• **Data section**:
────────────────
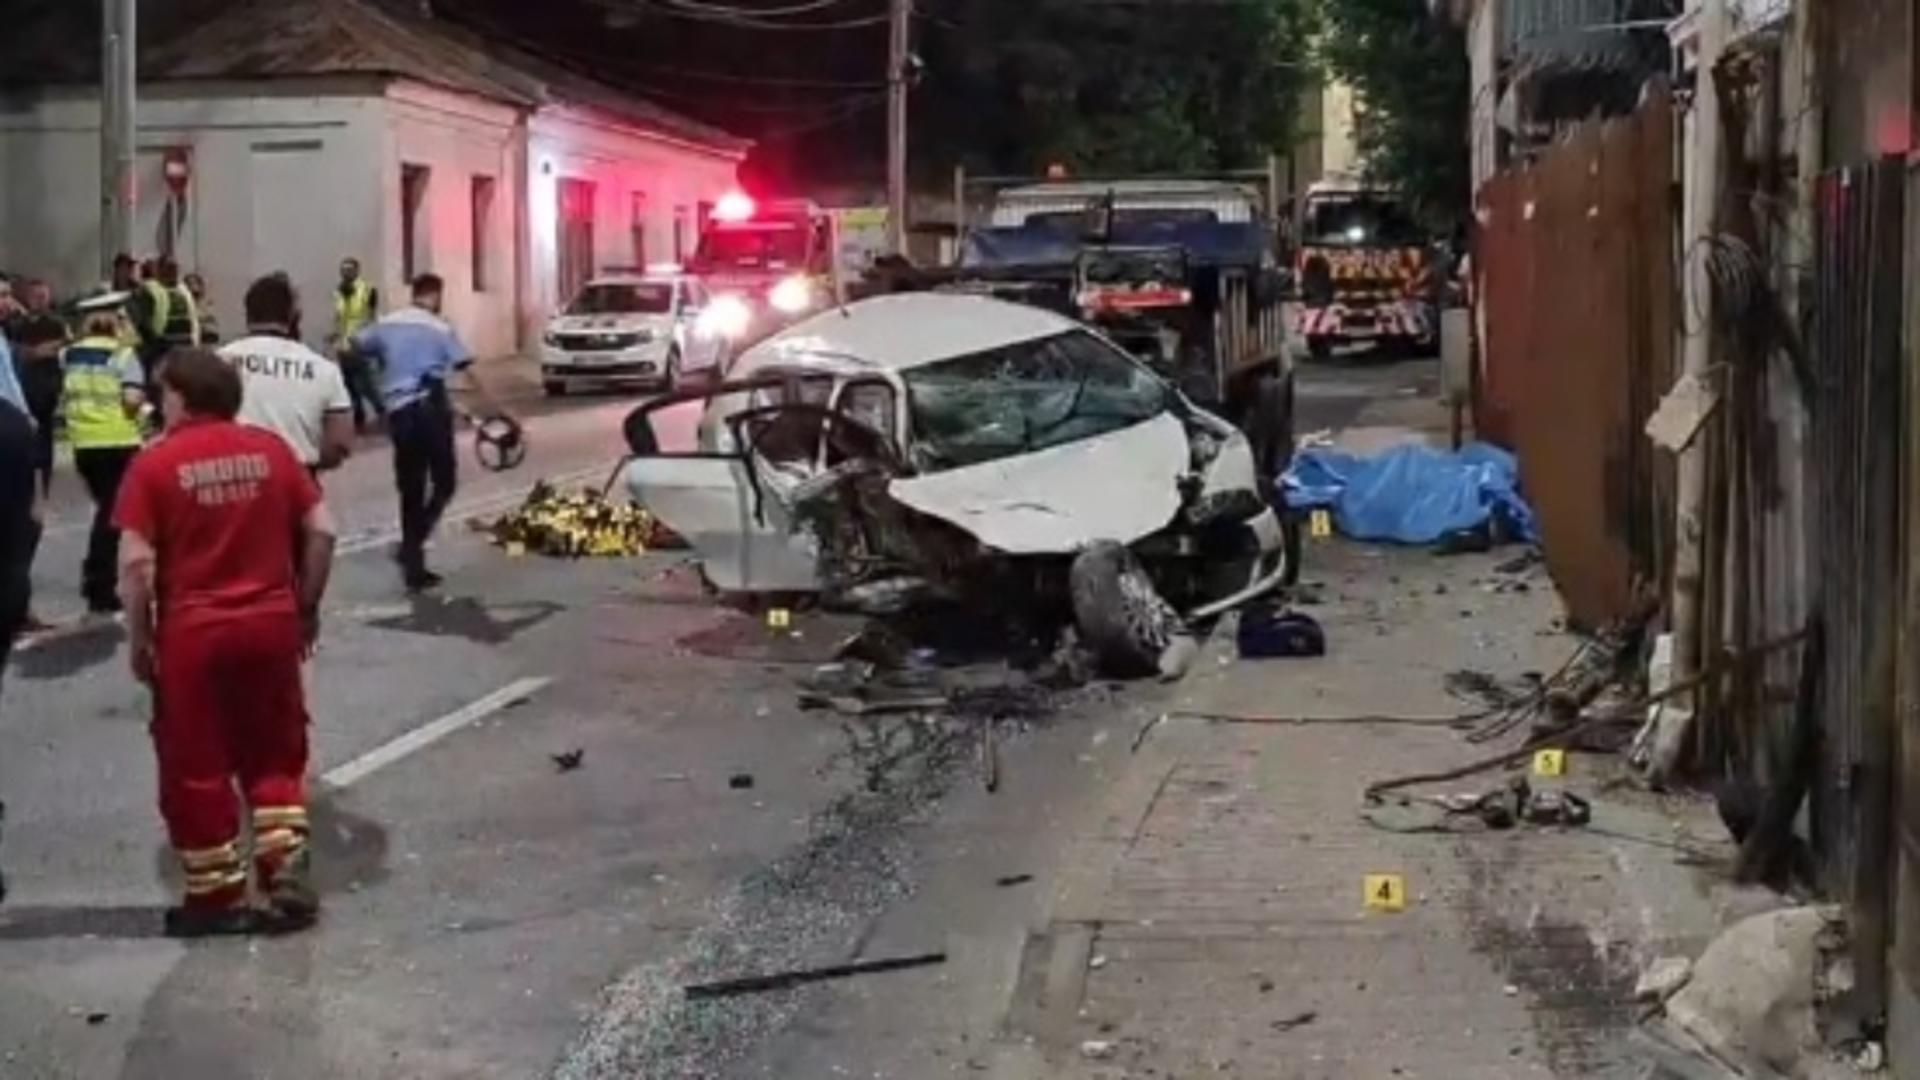 Şoferiţa din Iași care a ucis 4 muncitori avea 148 km/h la intrarea în curbă
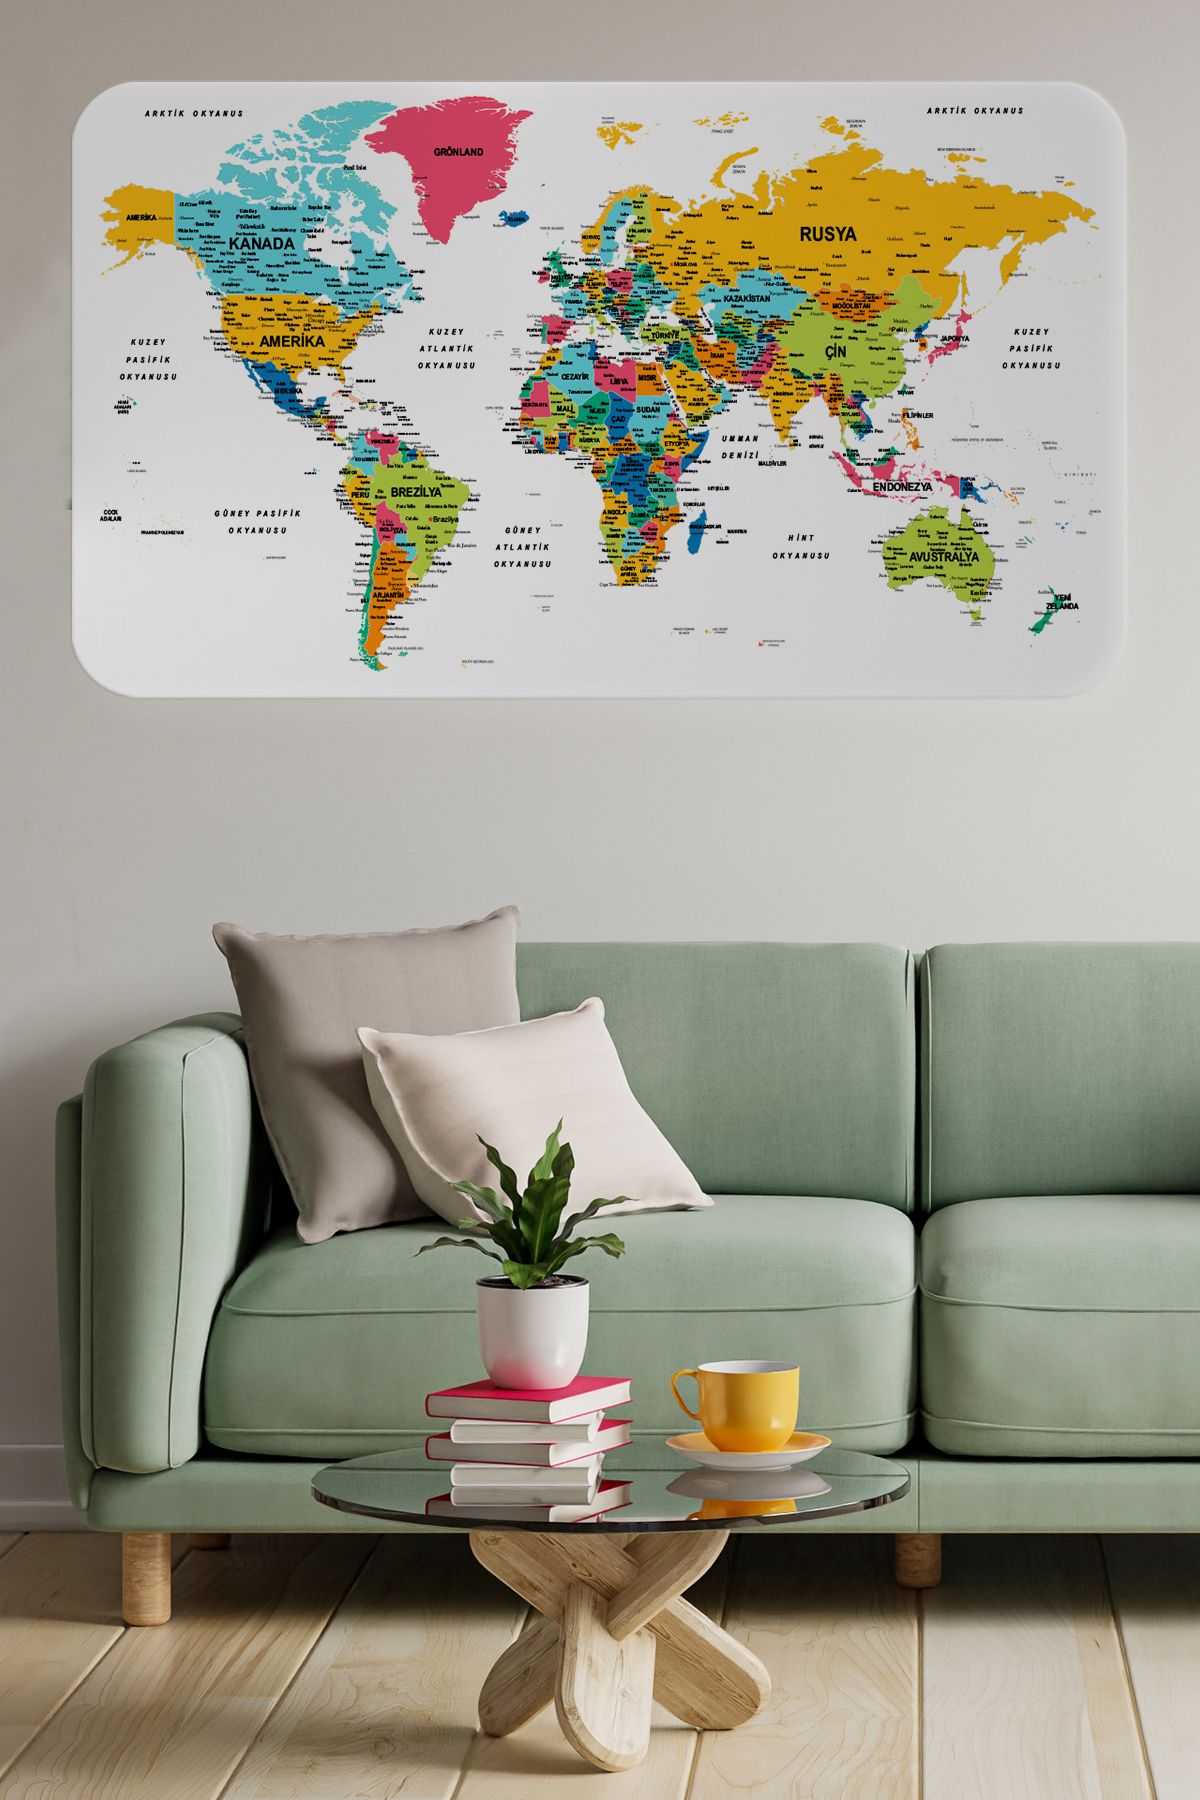 Harita Sepeti Türkçe Eğitici Ülke Ve Başkent Detaylı Atlası Dünya Haritası Duvar Sticker-3851
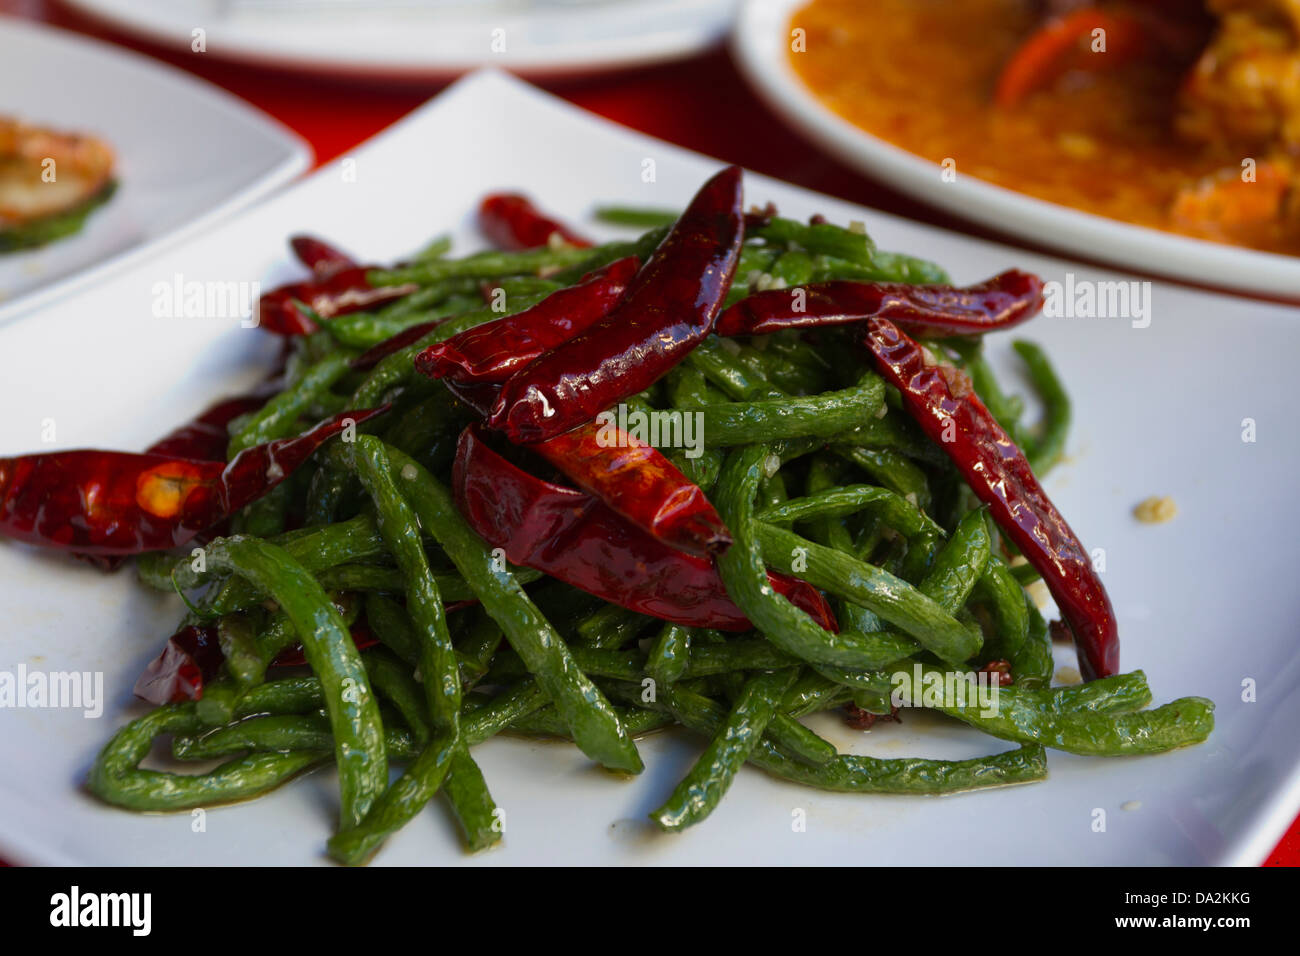 Chinesisches Restaurant, Essen, bestehend aus einer Platte aus langen, grünen Bohnen und getrocknete Chilischoten auf einer Platte, Chinatown, Singapur, Asien Stockfoto
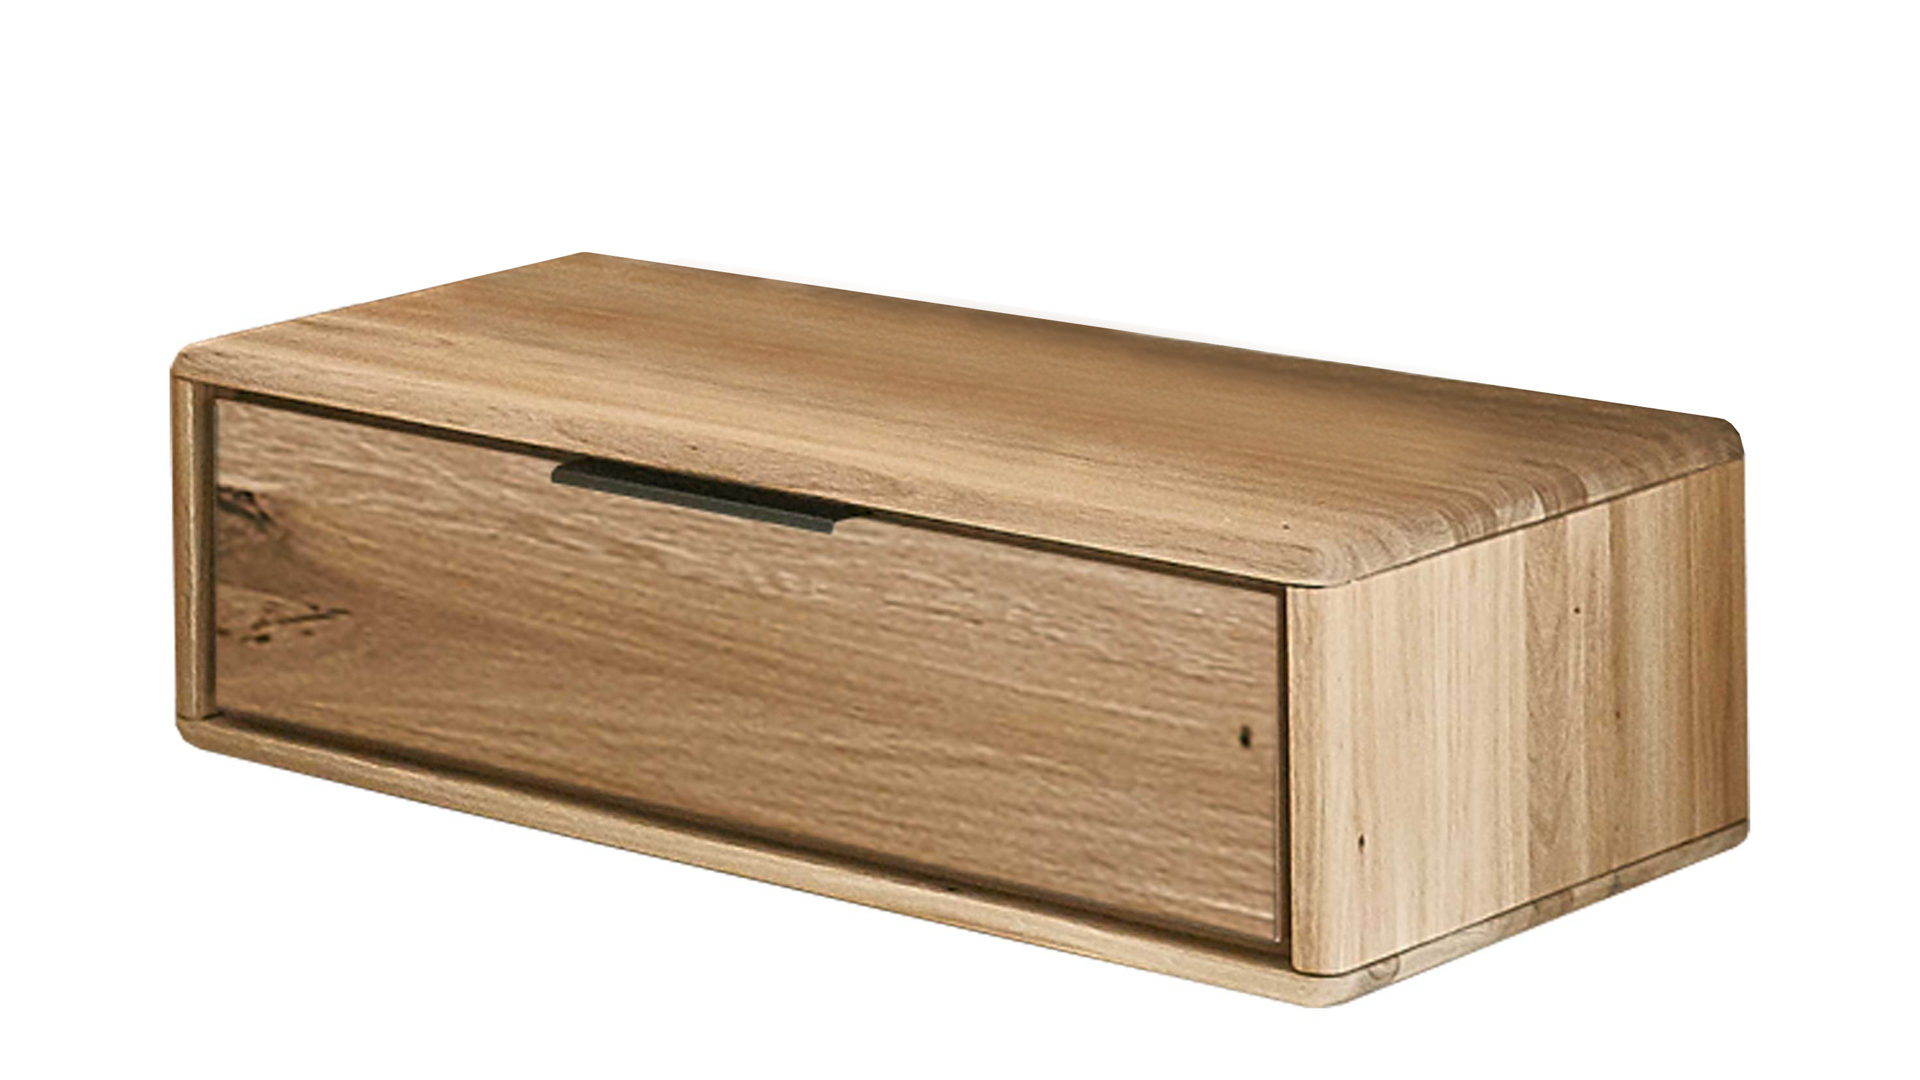 Nachtkommode Wöstmann schlafraumsysteme aus Holz in Holzfarben WÖSTMANN Schlafmöbelprogramm WSM 1600 – Nachtkonsole Wildeiche – eine Schublade, links
────────────────
• **What needs to be done**: Leave out the pictures, then repeat the listing above exactly from its first line to the line with "Chinesisches Restaurant, Essen, bestehend", inclusive.

• **Task output**:
 Şoferiţa din Iași care a ucis 4 muncitori avea 148 km/h la intrarea în curbă
 Harita Sepeti Türkçe Eğitici Ülke Ve Başkent Detaylı Atlası Dünya Haritası Duvar Sticker-3851
 Chinesisches Restaurant, Essen, bestehend aus einer Platte aus langen, grünen Bohnen und getrocknete Chilischoten auf einer Platte, Chinatown, Singapur, Asien Stockfoto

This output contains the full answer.